The London Perl and Raku Workshop takes place on 26th Oct 2024. If your company depends on Perl, please consider sponsoring and/or attending.

NAME

XRD::Parser - Parse XRD files into RDF::Trine models

VERSION

0.03

SYNOPSIS

  use RDF::Query;
  use XRD::Parser;
  
  my $parser = XRD::Parser->new(undef, "http://example.com/foo.xrd");
  $parser->consume;
  
  my $results = RDF::Query->new(
    "SELECT * WHERE {?who <http://spec.example.net/auth/1.0> ?auth.}")
    ->execute($parser->graph);
        
  while (my $result = $results->next)
  {
    print $result->{'auth'}->uri . "\n";
  }

DESCRIPTION

While XRD has a rather different history, it turns out it can mostly be thought of as a serialisation format for a limited subset of RDF.

This package ignores the order of <Link> elements, as RDF is a graph format with no concept of statements coming in an "order". The XRD spec says that grokking the order of <Link> elements is only a SHOULD. That said, if you're concerned about the order of <Link> elements, the callback routines allowed by this package may be of use.

This package aims to be roughly compatible with RDF::RDFa::Parser's interface.

$p = XRD::Parser->new($content, $uri, \%options, $store);

This method creates a new XRD::Parser object and returns it.

The $content variable may contain an XML string, or a XML::LibXML::Document. If a string, the document is parsed using XML::LibXML::Parser, which may throw an exception. XRD::Parser does not catch the exception.

$uri the supposed URI of the content; it is used to resolve any relative URIs found in the XRD document. Also, if $content is empty, then XRD::Parser will attempt to retrieve $uri using LWP::Simple.

Options [default in brackets]:

  * tdb_service     - thing-described-by.org when possible. [0] 

$storage is an RDF::Trine::Storage object. If undef, then a new temporary store is created.

$p = XRD::Parser->hostmeta($uri);

This method creates a new XRD::Parser object and returns it.

The parameter may be a URI (from which the hostname will be extracted) or just a bare host name (e.g. "example.com"). The resource "/.well-known/host-meta" will then be fetched from that host using an appropriate HTTP Accept header, and the parser object returned.

$p->uri

Returns the base URI of the document being parsed.
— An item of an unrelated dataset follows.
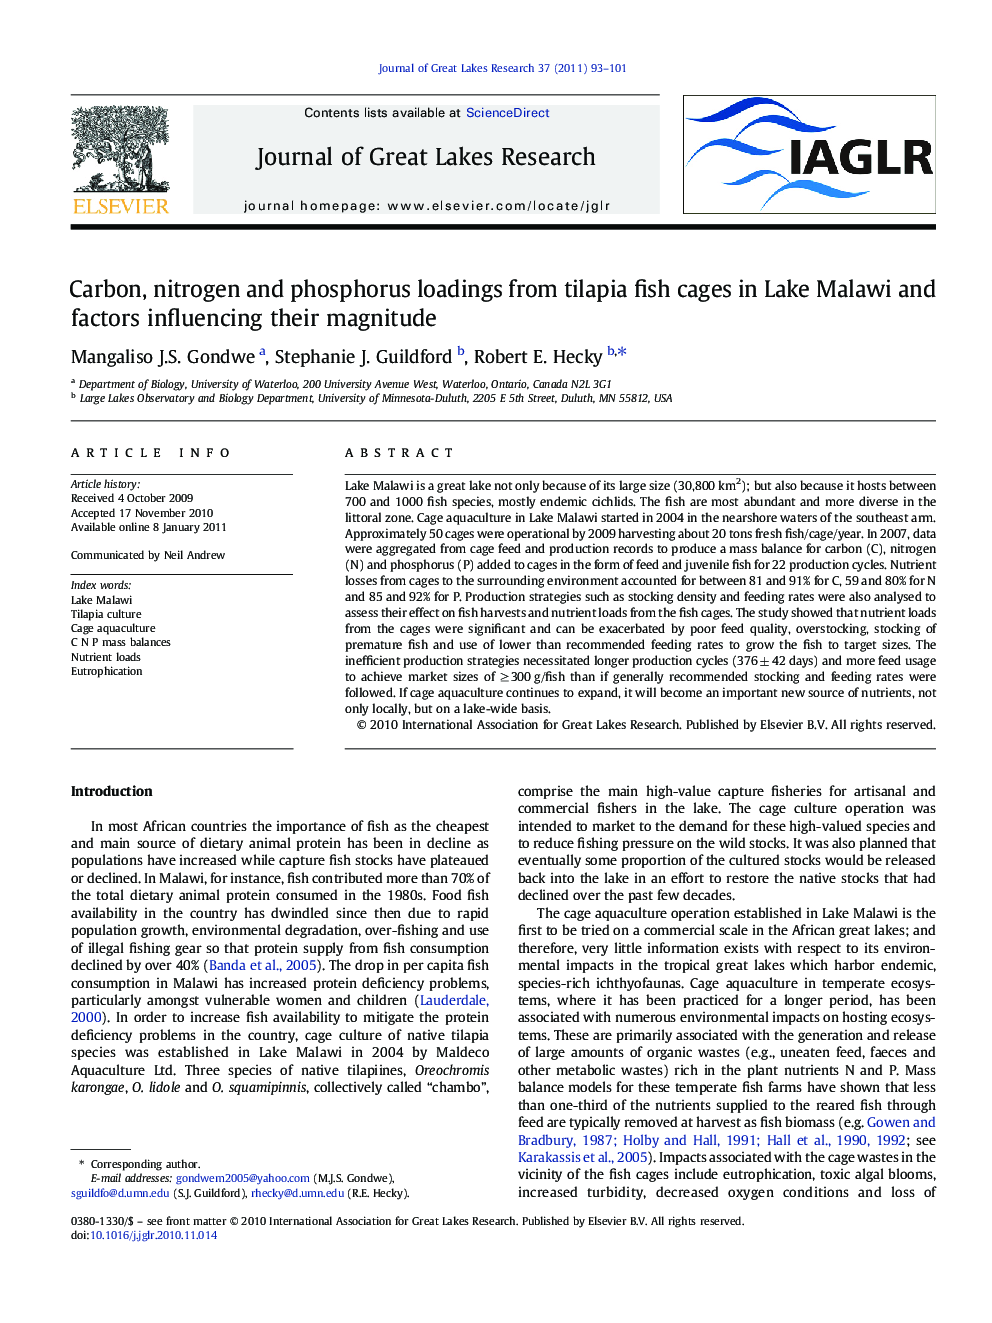 Carbon, nitrogen and phosphorus loadings from tilapia fish cages in Lake Malawi and factors influencing their magnitude

This will usually be the same as the base URI provided to the constructor.

Optionally it may be passed a parameter - an absolute or relative URI - in which case it returns the same URI which it was passed as a parameter, but as an absolute URI, resolved relative to the document's base URI.

This seems like two unrelated functions, but if you consider the consequence of passing a relative URI consisting of a zero-length string, it in fact makes sense.

$p->dom

Returns the parsed XML::LibXML::Document.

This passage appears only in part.